The rest of the chapter sets out the judgment that immediately befell Nabal; and there is no judgment so solemn as when a man falls into the hand of the living God. David thereon takes Abigail to be his wife.

In the next chapter (1 Samuel 26:1-25) we have Saul again, still unrepentant, still bent on his bloody mission. He seems once more to be on the point of catching David; but in truth "David sends out spies, and understood that Saul was come in very deed "before Saul knew aught for certain as to David; "and David arose, and came to the place where Saul had pitched." How striking the quiet confidence of faith the sense of security from God which gave the hunted man courage to draw near his pursuer. "And David beheld the place where Saul lay, and Abner the son of Ner, the captain of his host: and Saul lay in the trench, and the people pitched round about him." That very night, as we are told, David and Abishai came while Saul was sleeping within the trench. Then his companion says to David, "God hath delivered thine enemy into thine hand this day." No one knew better that David was always indisposed to deal with Saul. Who did not know the grace that filled his heart just recently? "Now therefore let me smite him," says he, "I pray thee, with the spear even to the earth at once, and I will not smite him the second time. And David said to Abishai, Destroy him not: for who can stretch forth his hand against Jehovah's anointed, and be guiltless?" It is clear therefore that David has grown in the sense of the grace of God. Not only he will not do the deed himself, but he will not allow it in another of his company.

"But David took the spear and the cruse of water from Saul's bolster; and they get them away, and no man saw it, nor knew it, neither awaked: for they were all asleep; because a deep sleep from Jehovah was fallen upon them.
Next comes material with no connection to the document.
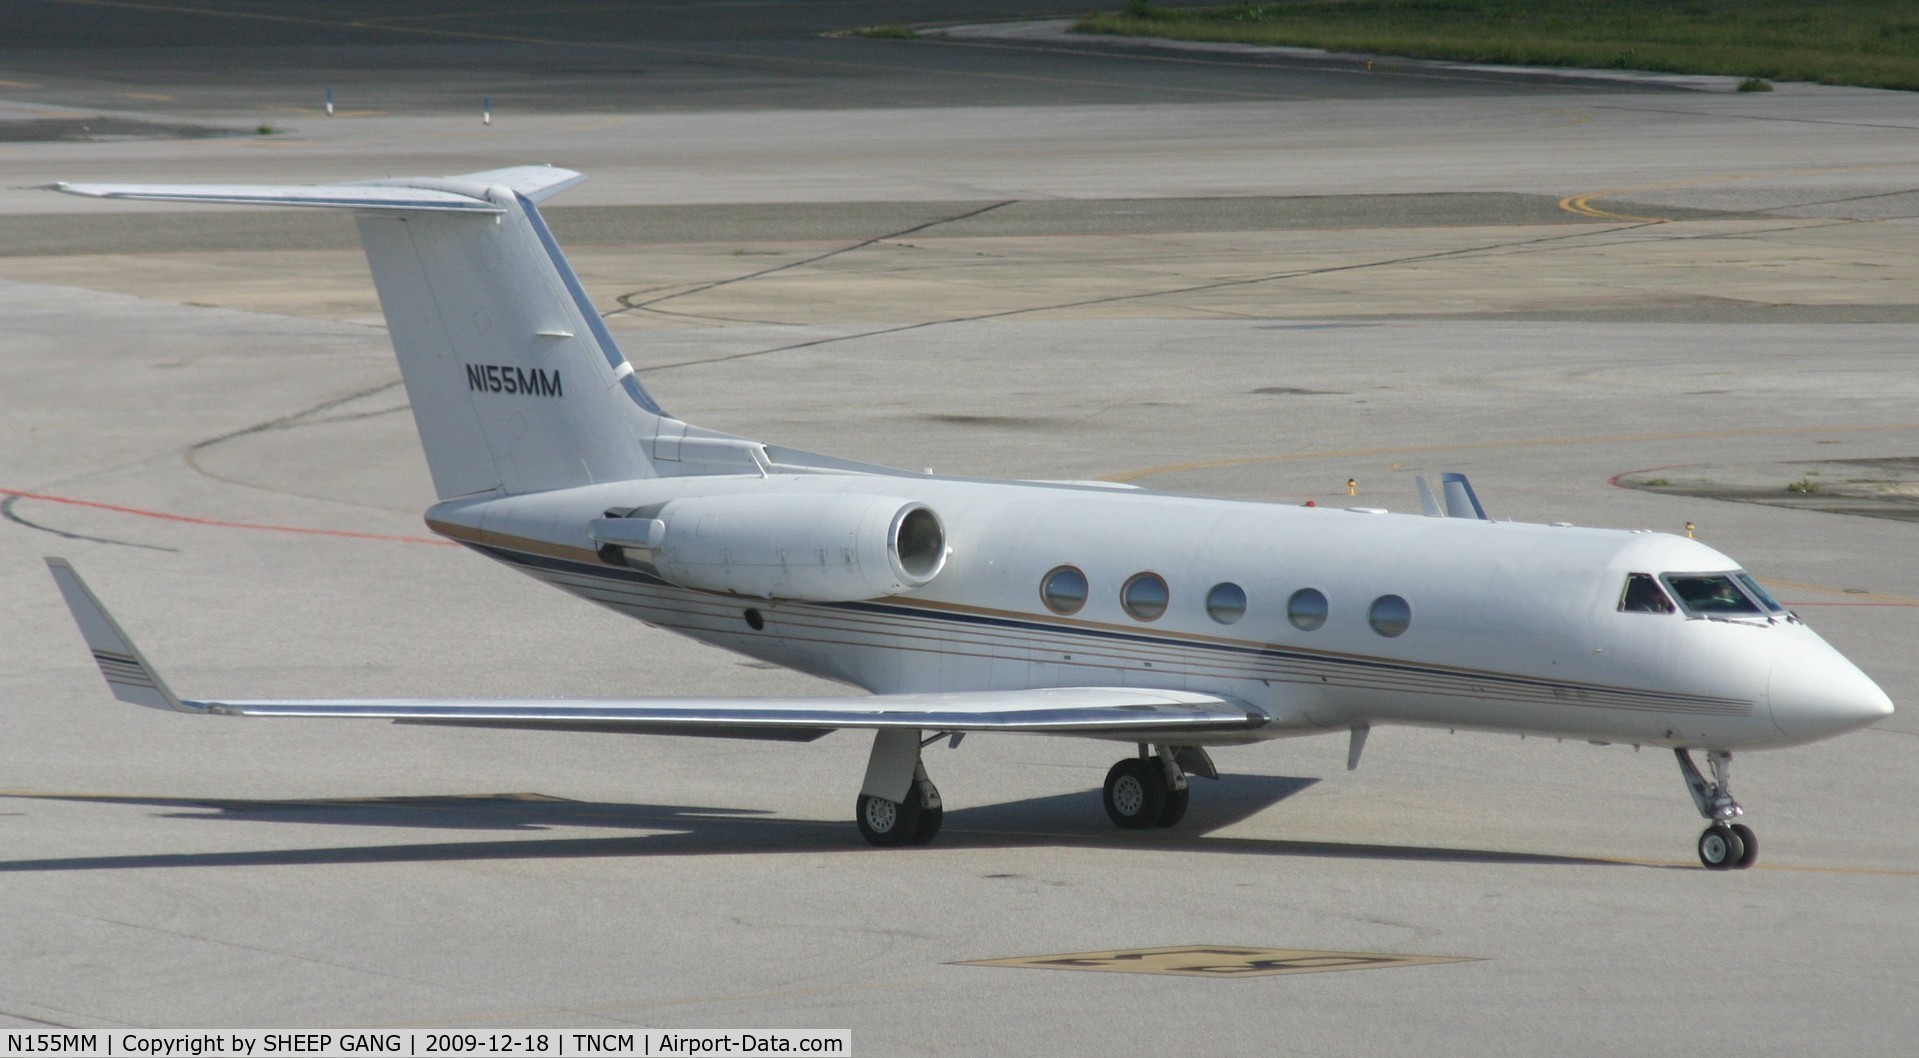 N155MM, 1981 Gulfstream American G-1159A Gulfstream III C/N 325, N155MM taxing to holding point Alpha for take off

Then David went over to the other side, and stood on the top of an hill afar off; a great space being between them: and David cried to the people, and to Abner the son of Ner, saying, Answerest thou not, Abner? Then Abner answered and said, Who art thou that criest to the king?" He taunts them with the wretched watch they had set that night. "And David said to Abner, Art not thou a valiant man? and who is like to thee in Israel? wherefore then hast thou not kept thy lord the king? for there came one of the people in to destroy the king thy lord. This thing is not good that thou hast done. As Jehovah liveth, ye are worthy to die, because ye have not kept your master, Jehovah's anointed. And now see where the king's spear is, and the cruse of water that was at his bolster." Saul was once more touched, and says, "Is this thy voice, my son David?"

But David does not merely acknowledge now; he remonstrates. "Wherefore doth my lord thus pursue after his servant? for what have I done? or what evil is in mine hand? Now therefore, I pray thee, let my lord the king hear the words of his servant. If Jehovah have stirred thee up against me, let him accept an offering: but if they be the children of men, cursed be they before Jehovah; for they have driven me out this day from abiding in the inheritance of Jehovah, saying, Go, serve other gods. Now therefore, let not my blood fall to the earth before the face of Jehovah: for the king of Israel is come out to seek a flea, as when one doth hunt a partridge in the mountains." Saul confessed his sin, but there was no conscience towards God. And David answered and said, "Behold the king's spear! and let one of the young men come over and fetch it. Jehovah render to every man his righteousness and his faithfulness: for Jehovah delivered thee into my hand today, but I would not stretch forth mine hand against Jehovah's anointed. And, behold, as thy life was much set by this day in mine eyes, so let my life be much set by in the eyes of Jehovah, and let him deliver me out of all tribulation." He has no confidence in Saul, though he may say as his present feeling, "Blessed be thou, my son David: thou shalt both do great things, and also shalt still prevail"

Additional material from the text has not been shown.